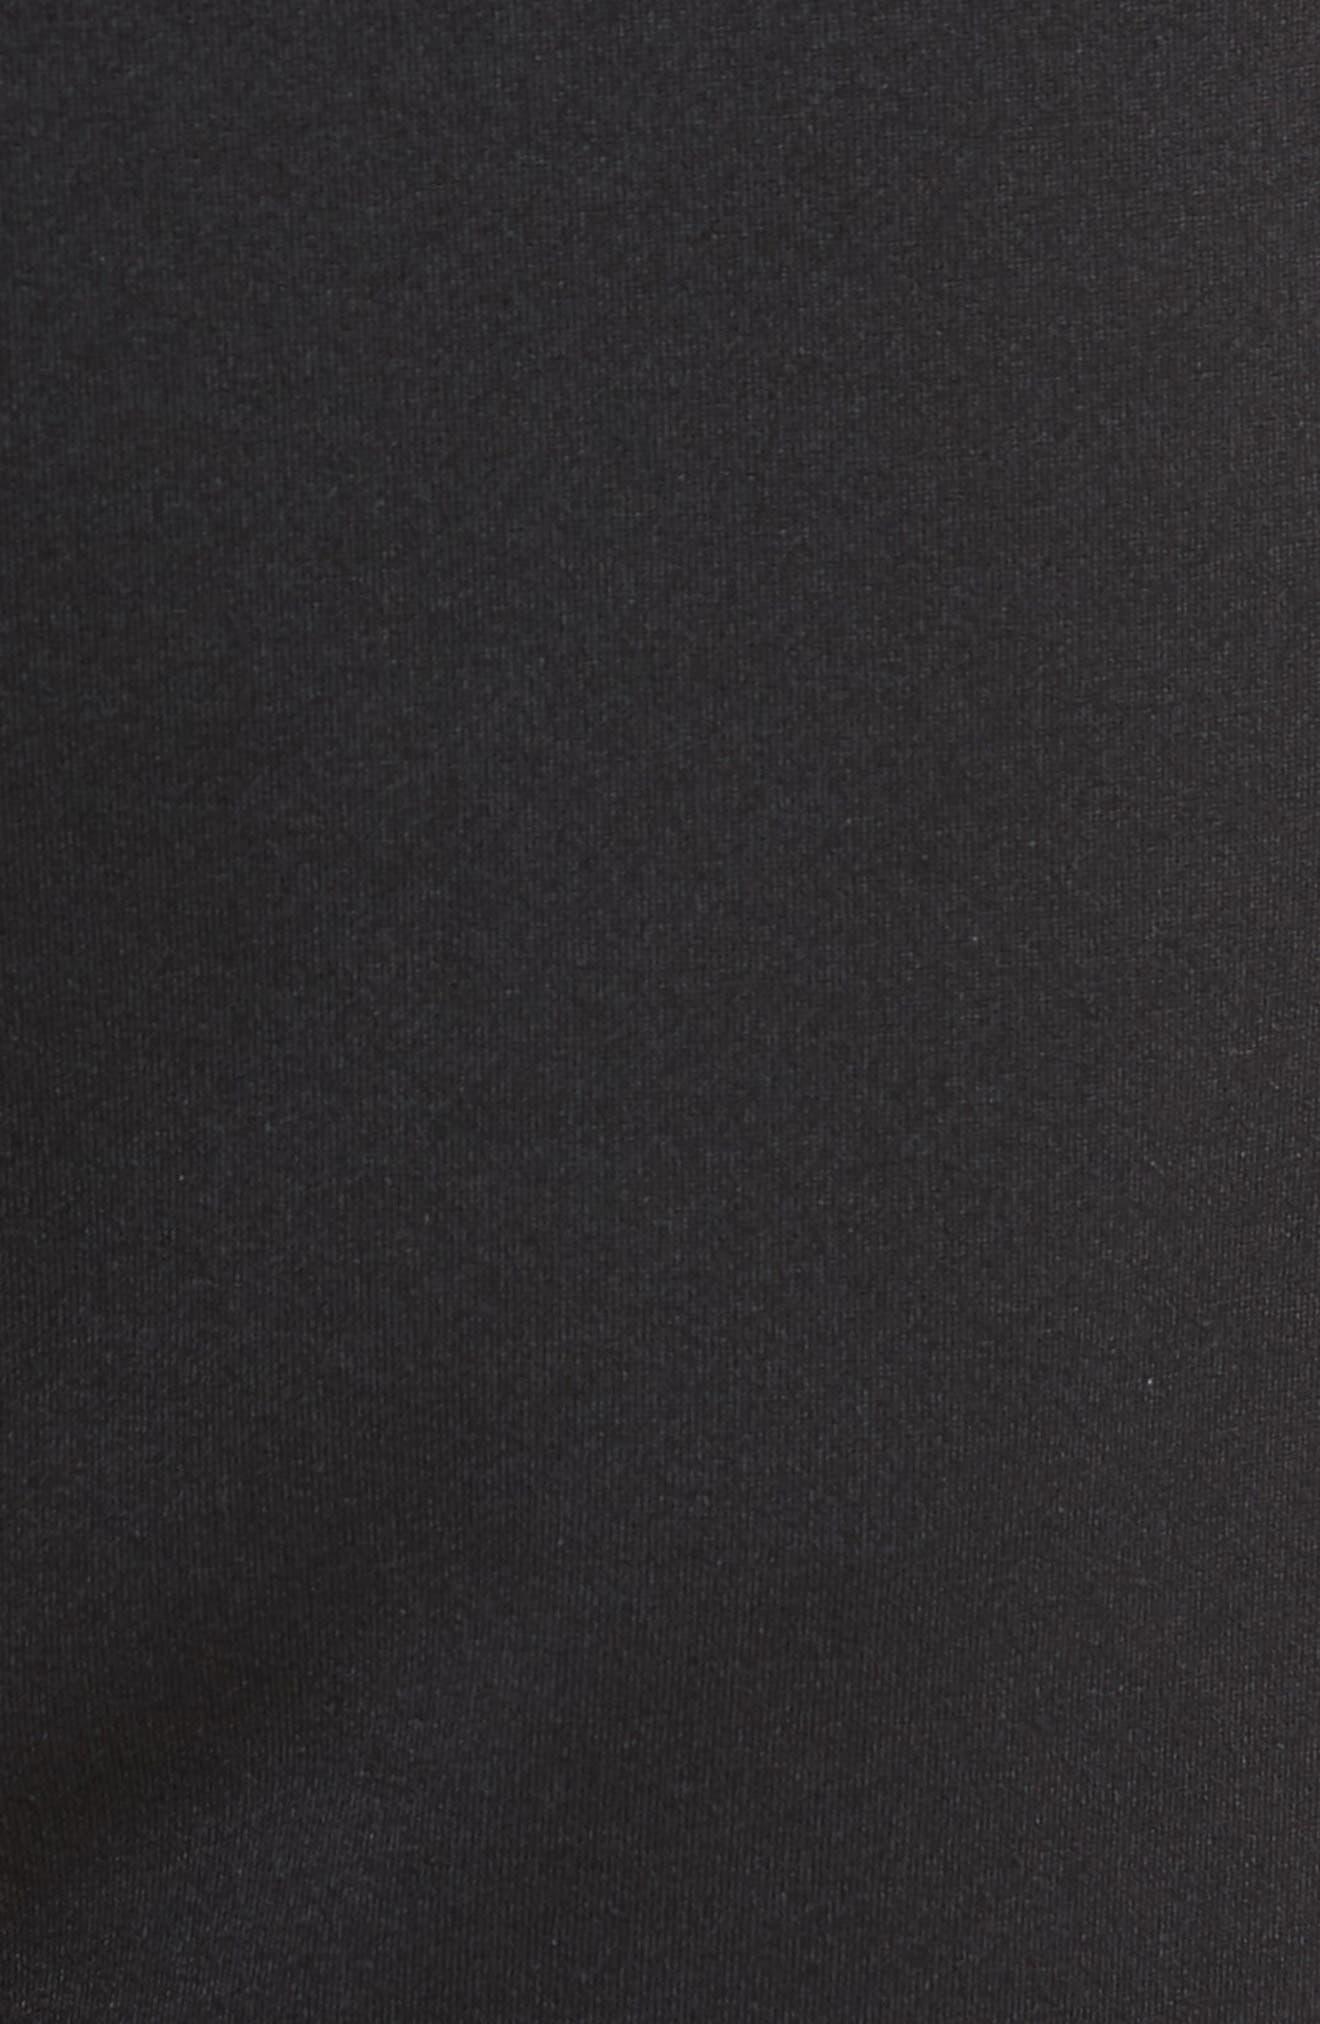 Dry Max Training Shorts,                             Alternate thumbnail 5, color,                             010
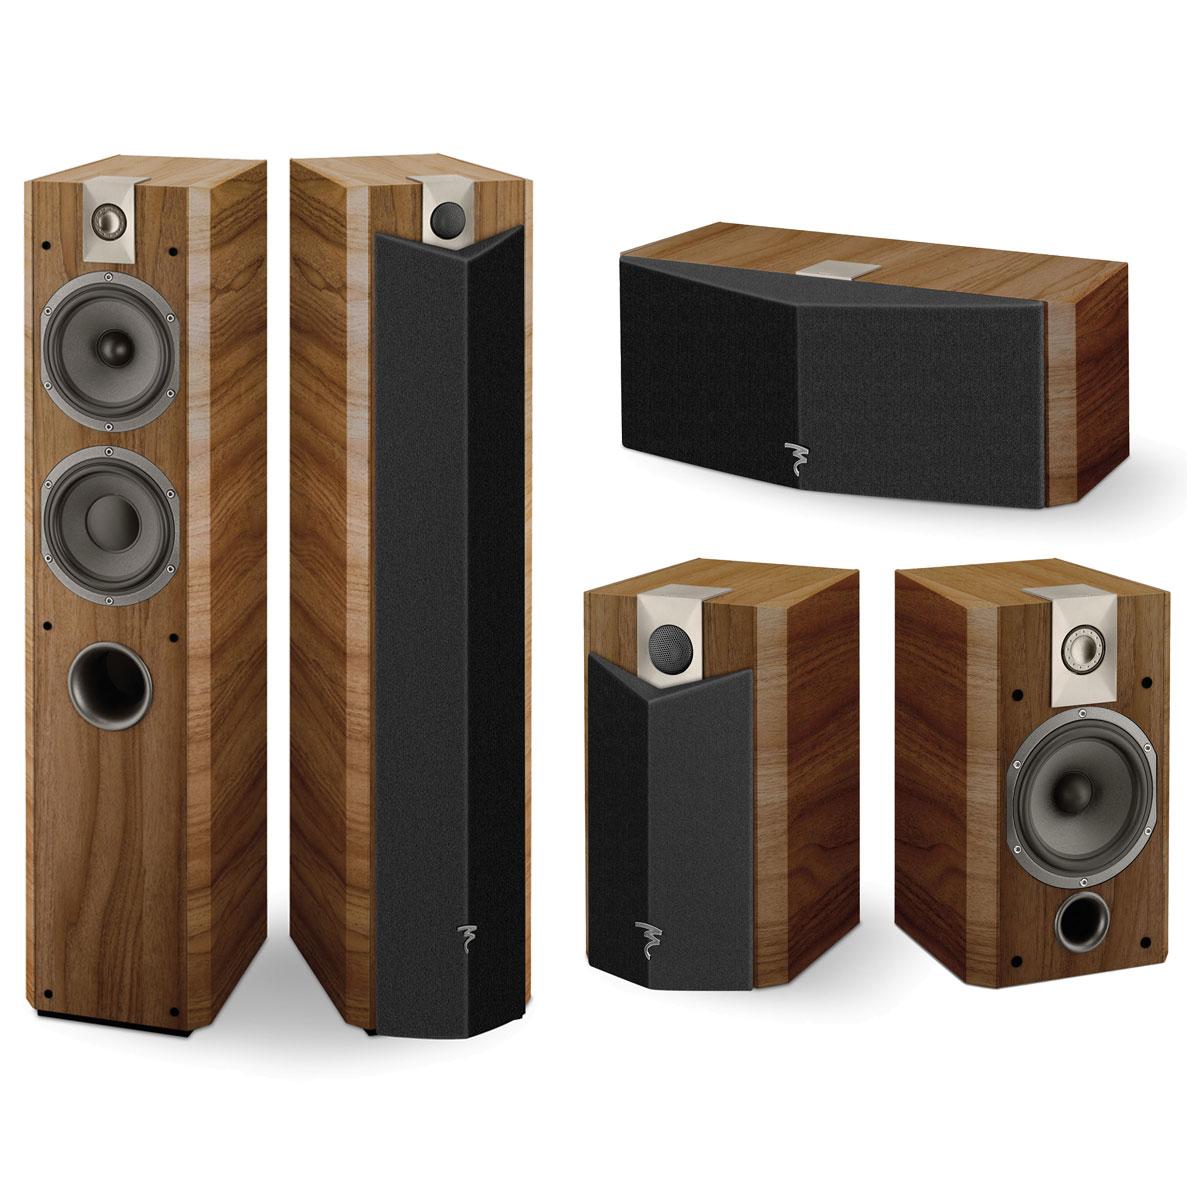 focal chorus 716 v cigar focal chorus 705 v cigar focal chorus cc 700 v cigar enceintes. Black Bedroom Furniture Sets. Home Design Ideas
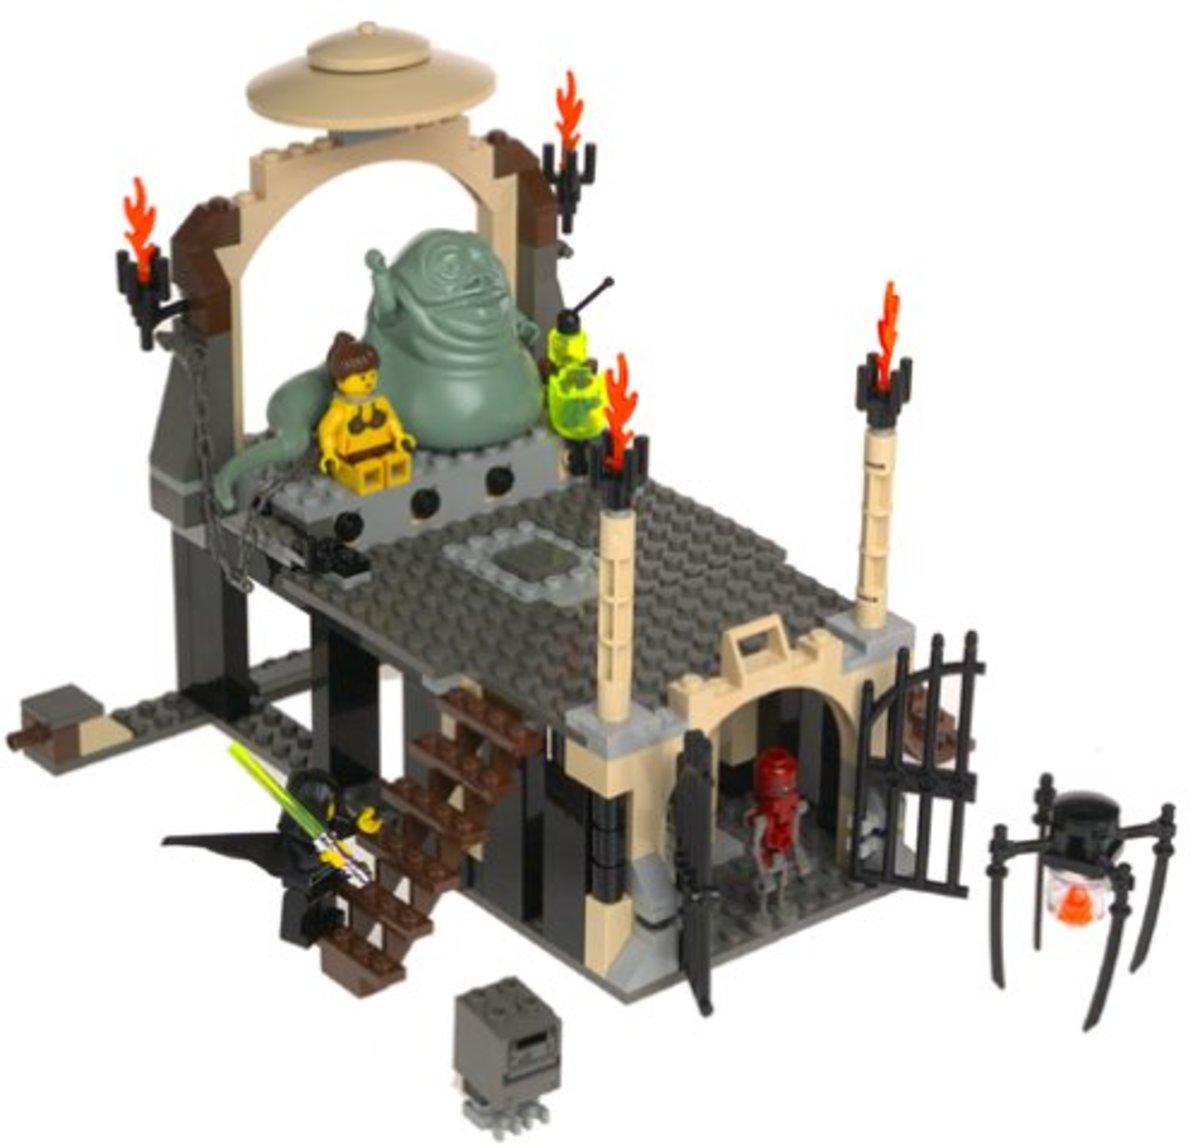 LEGO Star Wars Jabba's Palace 4480 Assembled

--------------------------------

- [Problem details] Would you retype every line shown above exactly, leaving the pictures aside?

- [Your solution]
 Dry Max Training Shorts,                             Alternate thumbnail 5, color,                             010
 focal chorus 716 v cigar focal chorus 705 v cigar focal chorus cc 700 v cigar enceintes. Black Bedroom Furniture Sets. Home Design Ideas
 LEGO Star Wars Jabba's Palace 4480 Assembled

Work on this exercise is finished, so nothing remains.